Silver has been witnessing sharp swings in prices over the last few quarters, influenced by a complex interplay of factors spanning economic data points, geopolitical tensions, and market-specific dynamics.
According to Motilal Oswal Financial Services (MOFSL) Precious Metals Quarterly report, Silver will be strongly positive over the next few months, but whether it will be a straight upside or with volatility is difficult to time. MOFSL advises to be invested in silver and keep adding on dips towards Rs 75,000 for a medium to long term upside towards Rs 92,000 followed by Rs 100,000.

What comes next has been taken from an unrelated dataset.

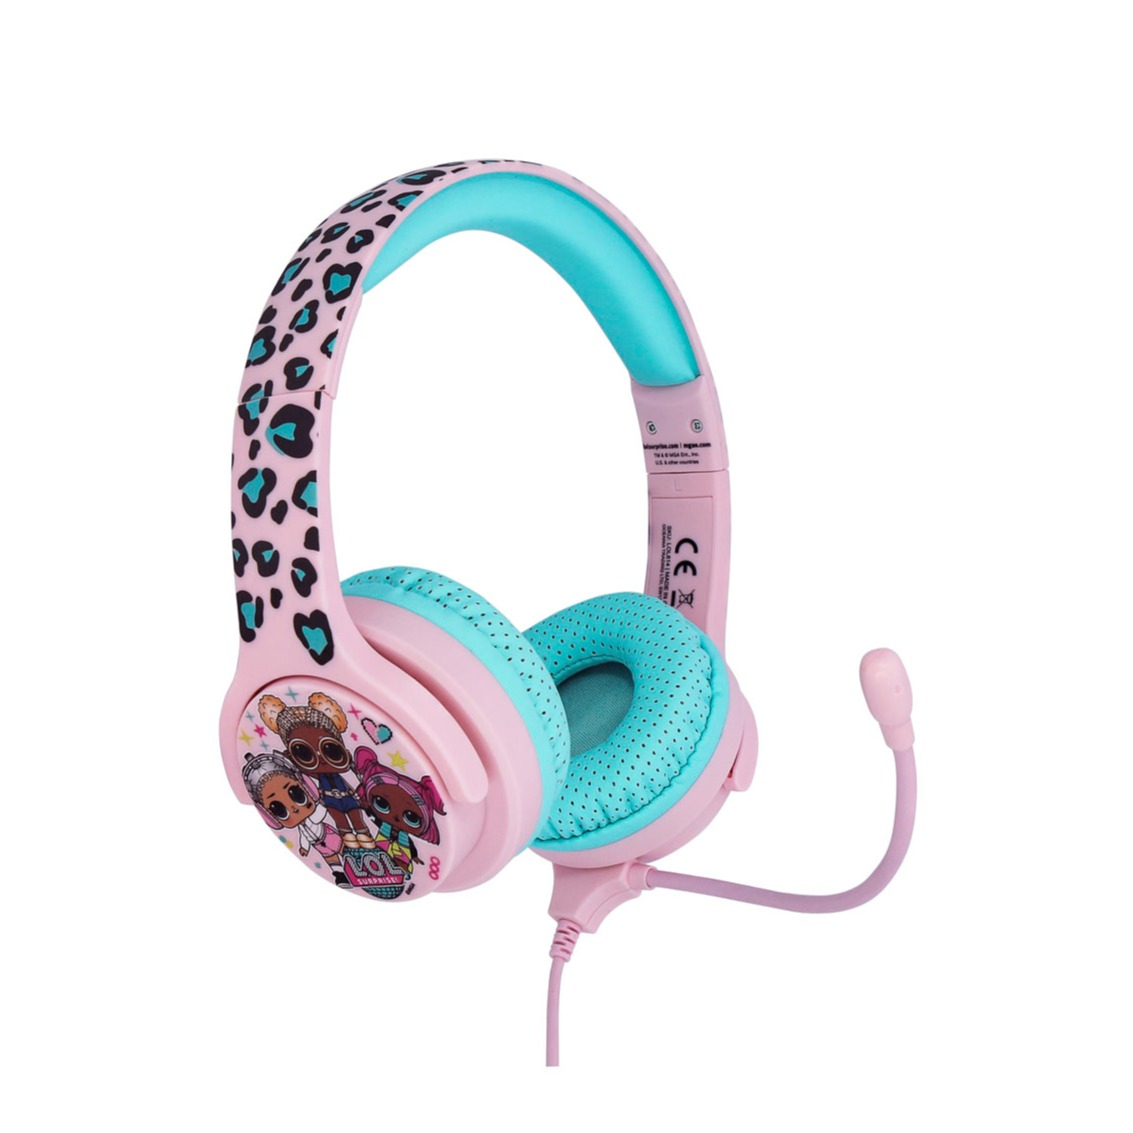 Mice Ear Elesound Kinder Kopfhörer,kabelgebunden,85 db Lautstärkeregler,Kopfhörer für Kinder,Kinder-Kopfhörer,sicher,weich,verstellbar,langlebig,für Kinder,Mädchen,Jungen,Kinder und iPad Schwarz 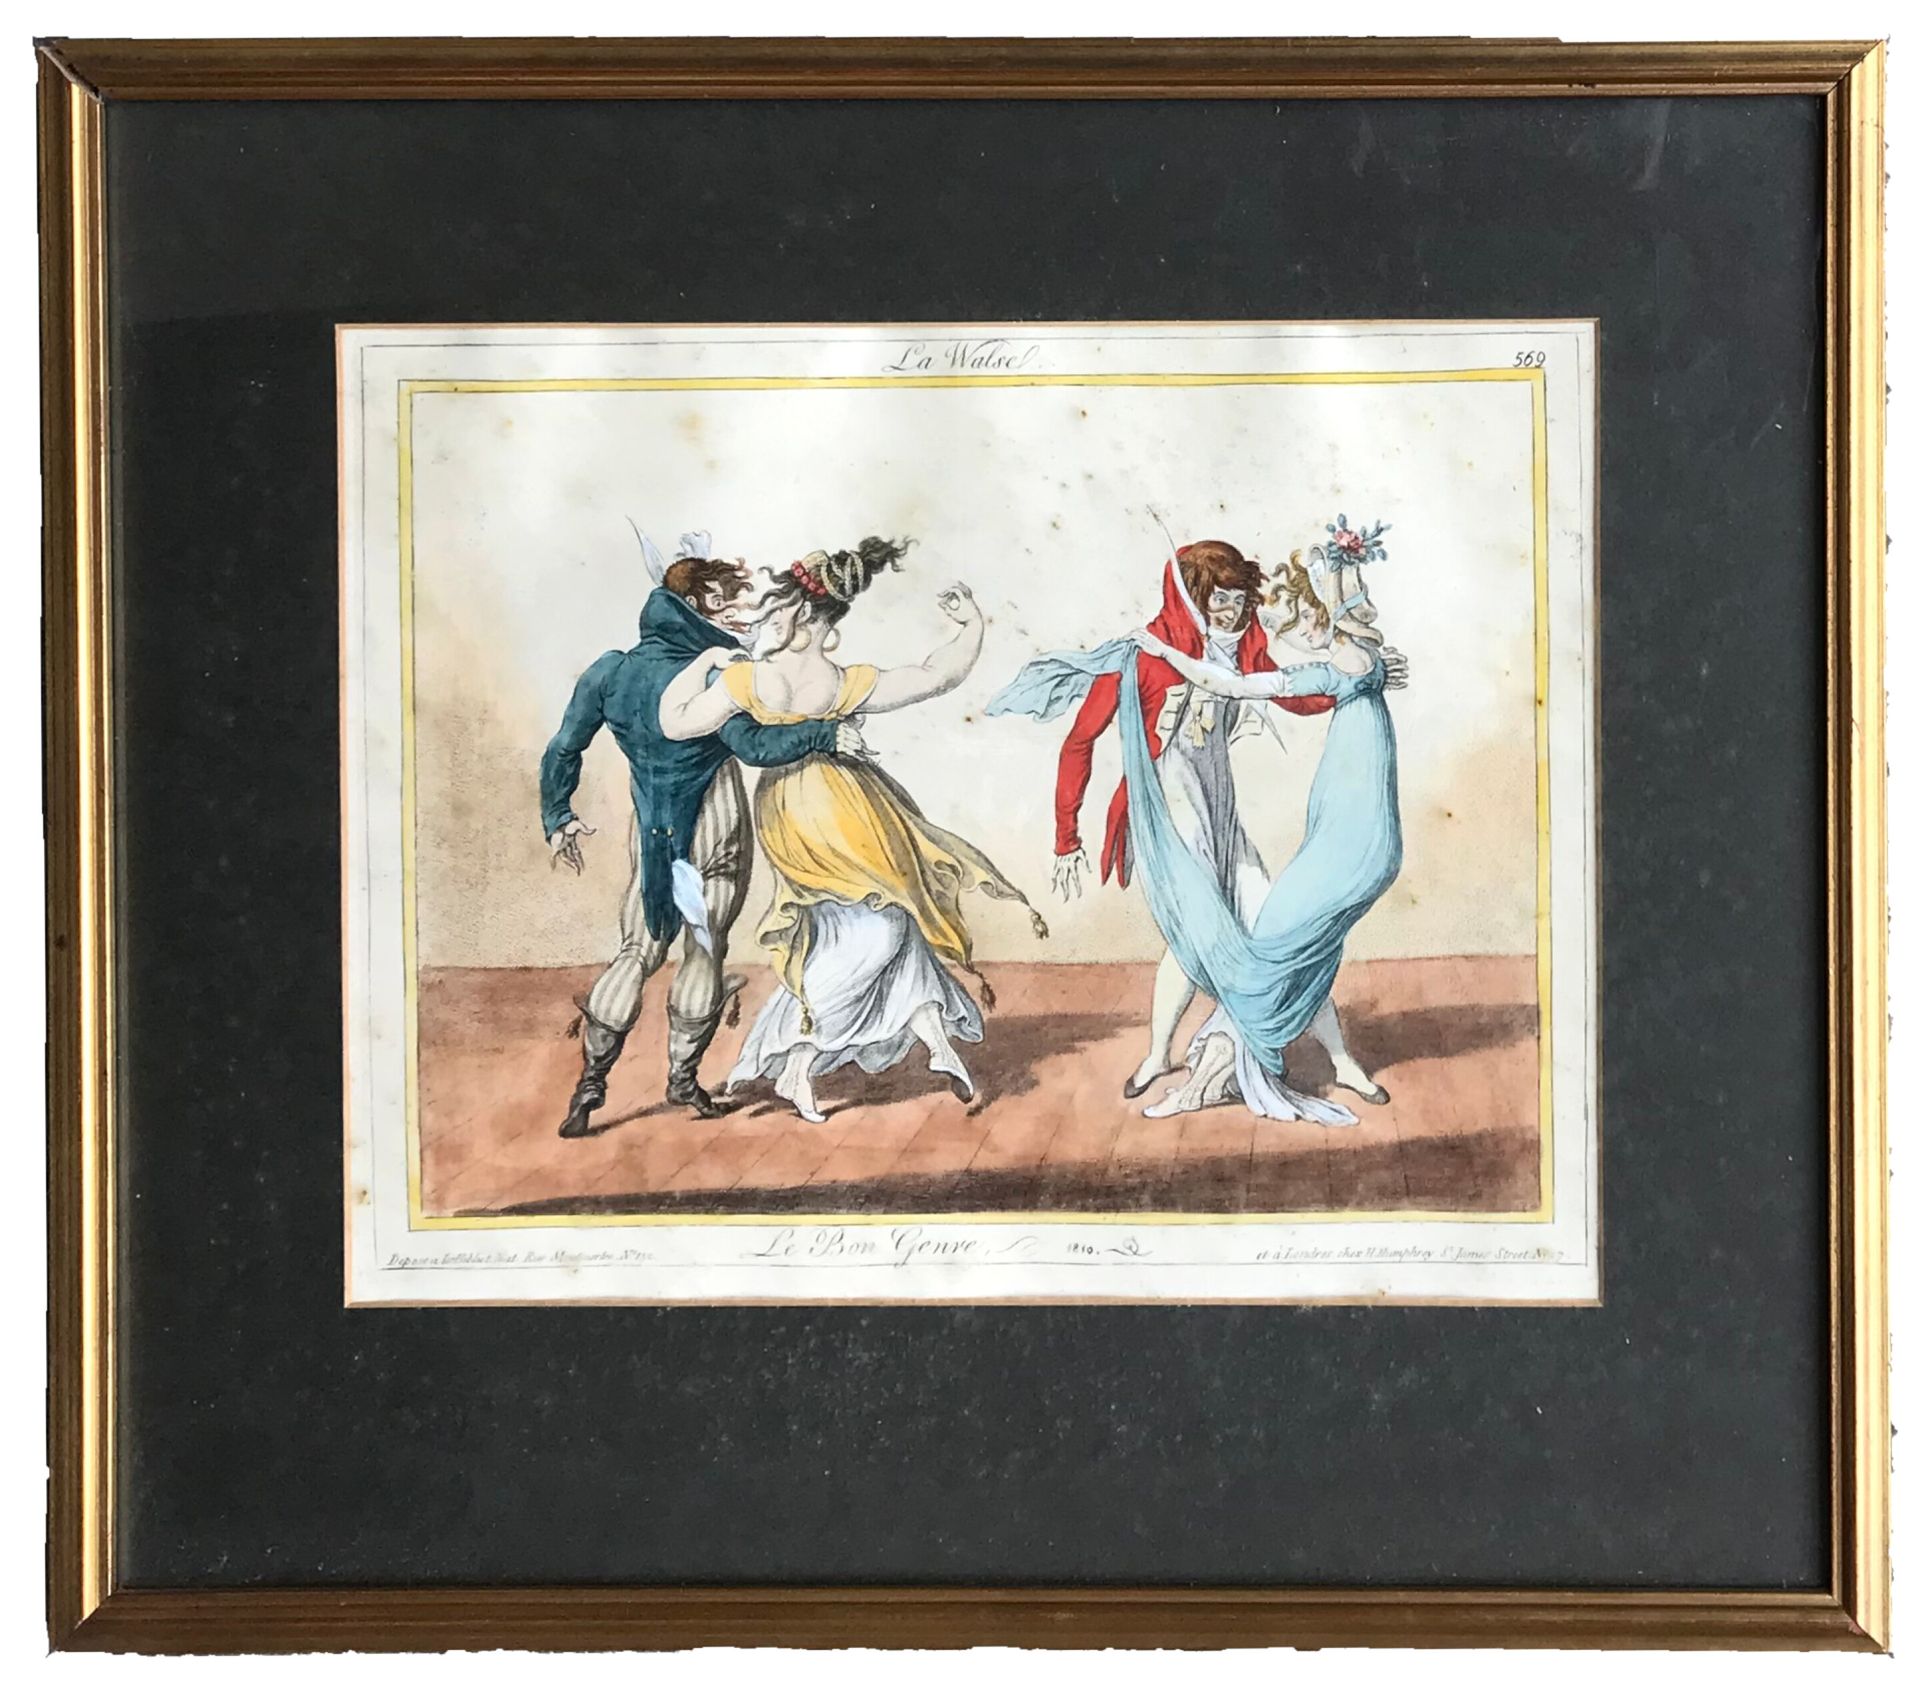 DE LA MESANGERE Nach Pierre de la MESANGERE (1761-1831)

Die Walse aus der Serie&hellip;

Hindustan Zinc, in December quarter (Q3-FY24) earnings call said, in India, the industrial consumption of silver is relatively lower as compared to global levels and is expected to increase going forward on the back of new-age technological developments, like EVs and 5G, and shifting priorities towards renewable energy, etcetera.
Silver market has been in deficit in 2023 for the third consecutive year in a row, considering the current macroeconomic environment and the supply and demand dynamics, the management holds a strong positive outlook for silver prices.
Regarding the zinc outlook, usage anticipated rise in India, Mexico, China and Vietnam on the back of increased focus on infrastructure, while the demand in Europe and US is likely to remain flat.
Going ahead, net prices of lead are expected to remain reasonably supported by healthy demand, driven by the automotive industry and relatively tight supply due to recent suspensions.
Meanwhile, in the domestic market, PLI schemes and emerging cash-rich middle-class families are expected to fuel the expansion of the automobile industry, thereby supporting lead demand.